Generate text from bash script with literal double quotes

I am trying to automate string replace thing for my project ...
I need output like this in file
insert into libraries values("Schema_name", "table_name", "table_name", "/data/Projects/Ope/ACT/Domain/Code/Files");
and what I am getting in the file is
`insert into libraries values(Schema_name, table_name, table_name, /data/Projects/Ope/ACT/Domain/Code/Files)`;
replace_script.sh
#!/bin/bash
while read line
do
param1=`echo $line | awk -F ' ' '{print $1}'`
param2=`echo $line | awk -F ' ' '{print $2}'`
echo "insert into libraries values(\"$param1\",\"$param2\",\"$param2\",\"/data/Projects/Ope/ACT/Domain/Code/Files\");" >> input_queries.hql
done <<EOF
schema_name table_name
schema_name table_name
EOF
The exact code given in your question emits as output:
insert into libraries values("schema_name","table_name","table_name","/data/Projects/Ope/ACT/Domain/Code/Files");
insert into libraries values("schema_name","table_name","table_name","/data/Projects/Ope/ACT/Domain/Code/Files");
This is, as I understand it, exactly what you claim to want.

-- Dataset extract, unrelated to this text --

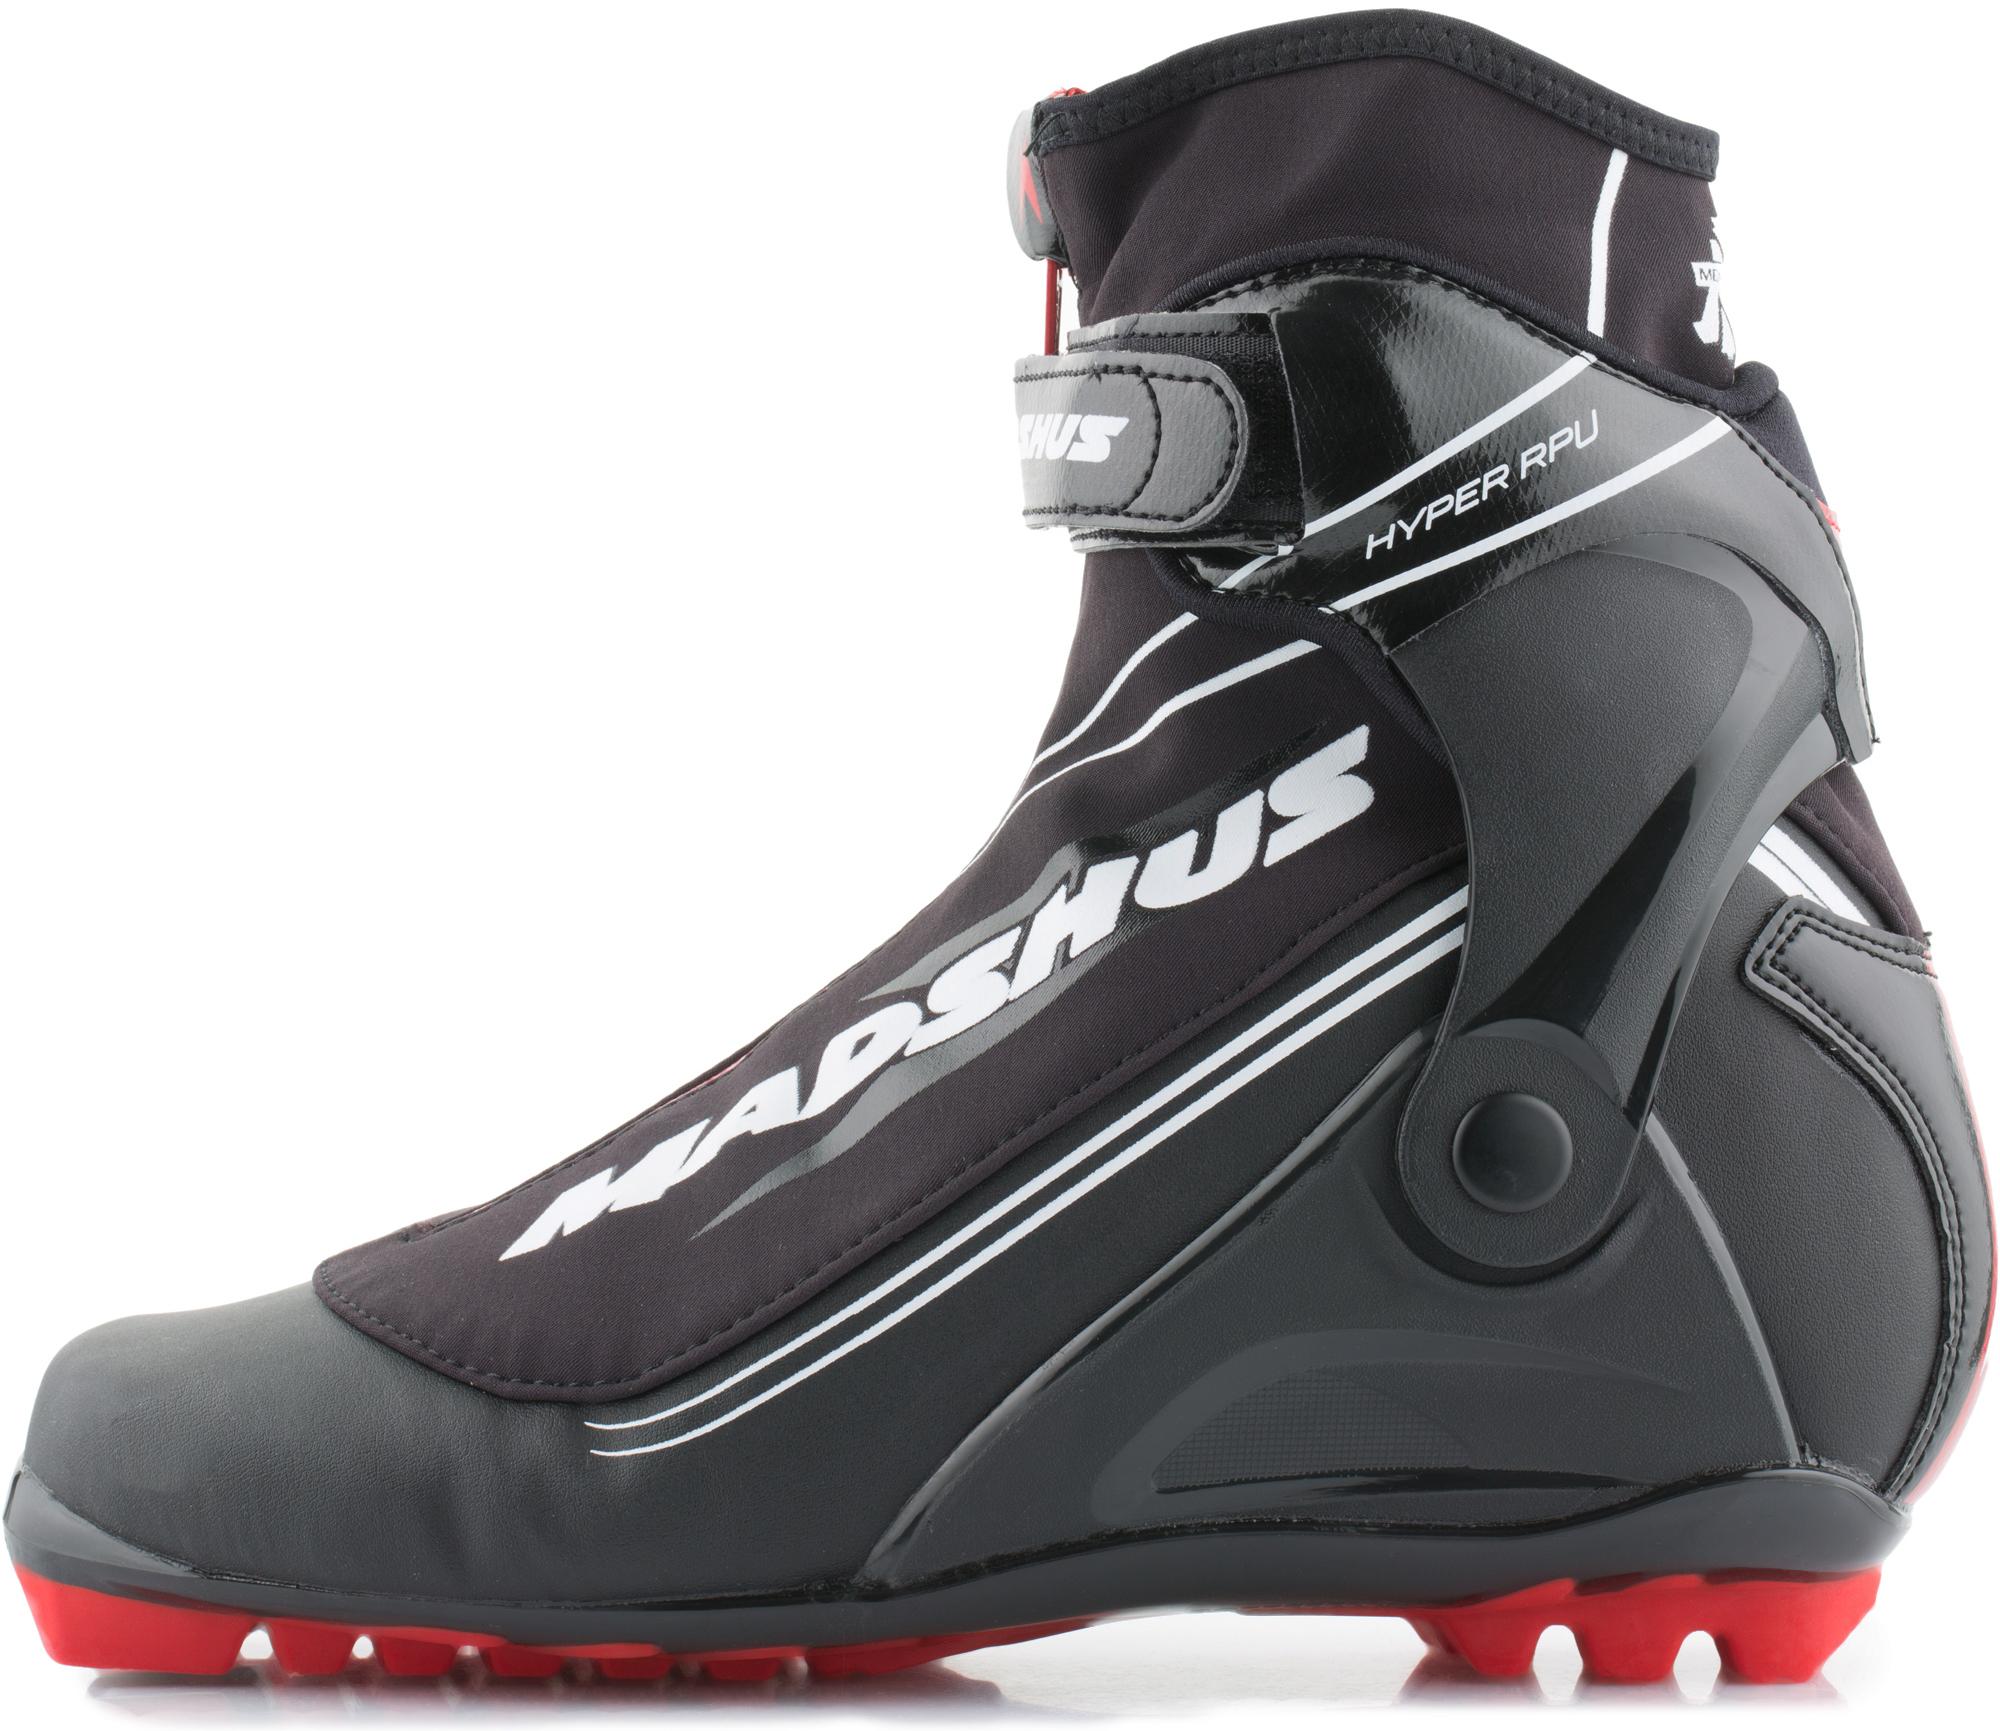 Madshus Ботинки для беговых лыж Madshus Hyper RPU цена

However, SQL doesn't use double quotes for data -- it uses single quotes for that.
escape_sql() {
local val
val=${1//\\/\\\\}
val=${val//\'/\\\'}
val=${val//\"/\\\"}
printf '%s' "$val"
}
while read -r param1 param2; do
printf $'insert into libraries values(\'%s\', \'%s\', \'%s\', \'/data/Projects/Ope/ACT/Domain/Code/Files\');\\n' \
"$(escape_sql "$param1")" \
"$(escape_sql "$param2")" \
"$(escape_sql "$param2")"
done <<EOF
schema_name table_name
schema_name table_name
EOF
The above makes a rudimentary attempt to prevent malicious values from escaping their quotes -- though you should really use a language with native SQL bindings for your database for the purpose!
That said -- this is not safe escaping against malicious data (for instance, data containing literal quotes). For that, use a language built-to-purpose.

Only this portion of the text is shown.